Maui emergency services chief resigns

AP Photo/Rick Bowmer

Maui Emergency Management Services administrator resigned Thursday. Administrator Herman Andaya was in charge of the response to the wildfires on Maui and his qualifications came under question upon review.


It quickly became clear that Andaya was in over his head. It is reported that he was not on the island when the fires began on Maui. As I wrote for our VIP subscribers yesterday, Andaya had no experience in emergency management. He was hired in 2017 but it looks like he was hired due to his political connections, not his expertise in emergency management. His background is in law and political science. He was hired without ever having held a full-time job in emergency management. He was the chief of staff for former mayor Alan Arakawa. Andaya was hired over 40 other applicants for the job.

As noted in that post, human error is usually behind these events, not a sweeping ideological explanation, like global warming (or boiling) as progressives like to use as a default reason for any weather event. Andaya failed to give the order to use the island’s emergency siren system, which seems like a really poor decision. Instead, he relied on warnings sent to cell phones, which left many people out of the loop. Other decisions were poorly decided, too, including the use of water to fight the flames, as David wrote about yesterday. M. Kaleo Manuel refused to release water in Maui as the fire raged. He is the deputy director of the Department of Land and Natural Resources. His reason was that water should be revered, not used.

Will M. Kaleo Manuel hold himself accountable and resign? Between his poor judgement and that of Andaya, wildfires swept through the town of Lahaina and more than 100 people are reported dead. That number is expected to grow. The town is destroyed.


AP reports that Andaya feared that using the sirens during the blaze might cause people to go “mauka”, a navigational term in Hawaiian meaning toward the mountains or inland. “If that was the case, then they would have gone into the fire,” Andaya explained. That decision, along with water shortages, and a clogged escape route, all added up to the deadliest wildfire in the U.S. in more than a century.

As I said, the number of deaths continues to rise. As of Thursday, the number is 111 people dead. Searchers have covered about 45% of the burned area.

Andaya is citing health reasons for his resignation.
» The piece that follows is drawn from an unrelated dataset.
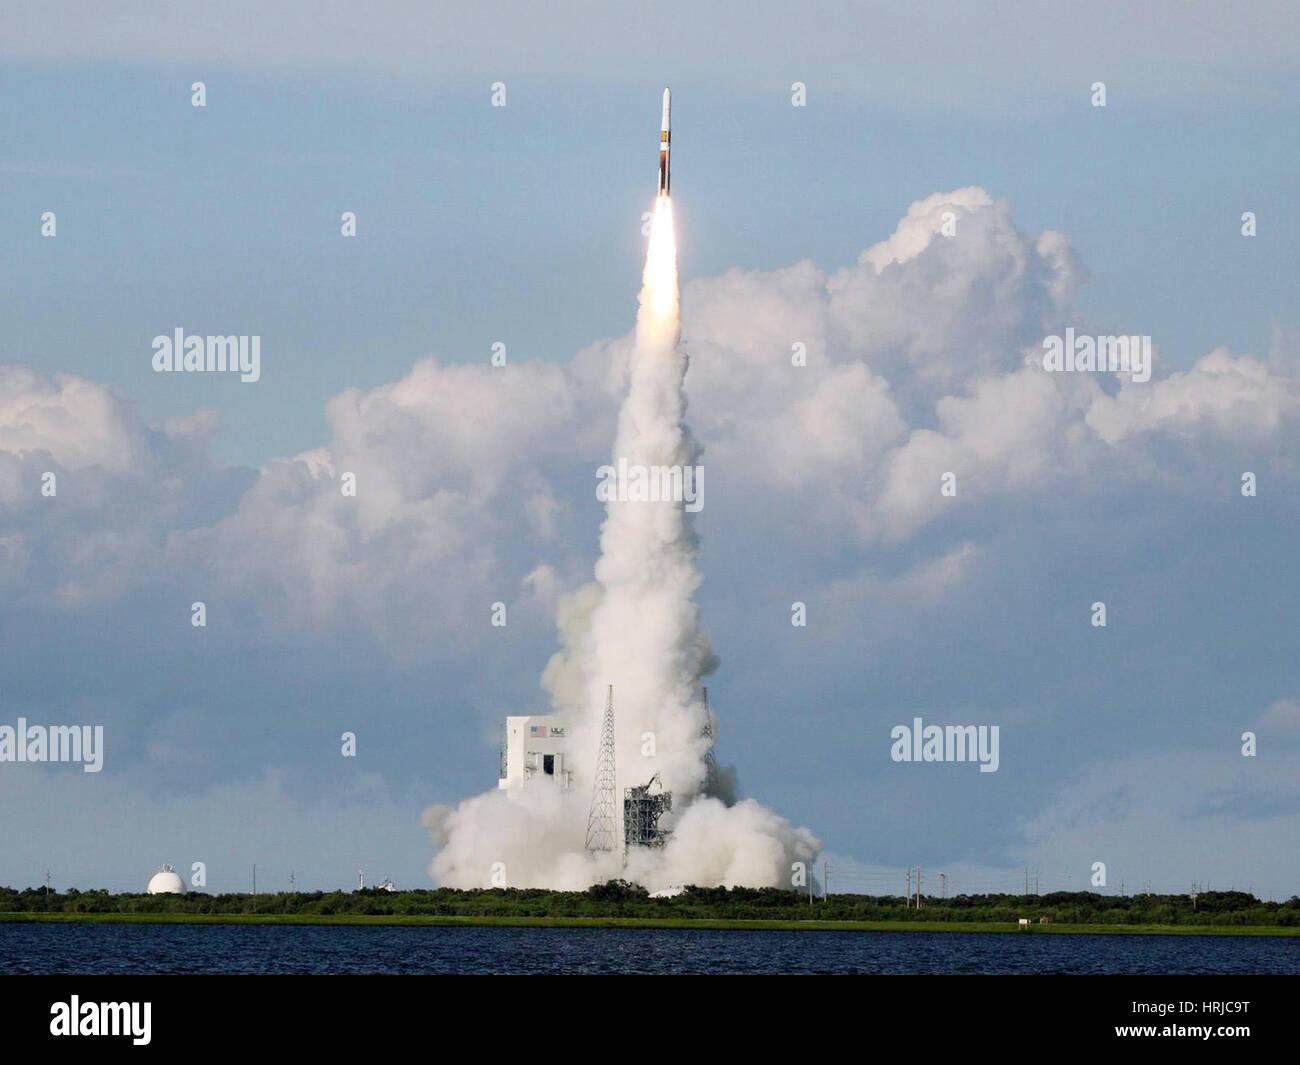 Delta IV Rocket Taking Off - Stock Image

His resignation is effective immediately.

“Given the gravity of the crisis we are facing, my team and I will be placing someone in this key position as quickly as possible, and I look forward to making that announcement soon,” Maui County Mayor Richard Bissen said.

Details about the health reasons that Andaya cited were not immediately available. CNN has sought comment from Hawaii Gov. Josh Green.

Andaya refused to say he regretted not sounding the sirens. Hard to believe, but that was his attitude. Other elected officials are criticizing the response now. And his explanation for not using the sirens – the navigational thing – insults Hawaiians.

At a Wednesday news conference, Andaya was asked whether he regretted not sounding the alarms. Andaya said, “I do not,” telling reporters he worried that if they had sounded, many residents would’ve gone inland and “would have gone into the fire.”

US Sen. Mazie Hirono of Hawaii criticized that response later that day, calling Andaya’s assessment of the situation and comment about not regretting his decision “premature.”

Before Andaya’s resignation was announced, state Sen. Angus McKelvey, who represents the devastated town of Lahaina and lost his own home in the fires, blasted Andaya’s response as “insulting.”

“I’ve heard the line that ‘people would have panicked and ran up to the mountains because it’s a tsunami siren.’ … It’s insulting to think that people would be that clueless, that they wouldn’t know that sirens blasting was because of the fire,” McKelvey told CNN on Thursday. “These are not tsunami sirens. They’re disaster sirens.”


Let’s hope that someone with the proper qualifications is found for the job this time. It’s too late for the town of Lahaina and the souls who lost their lives.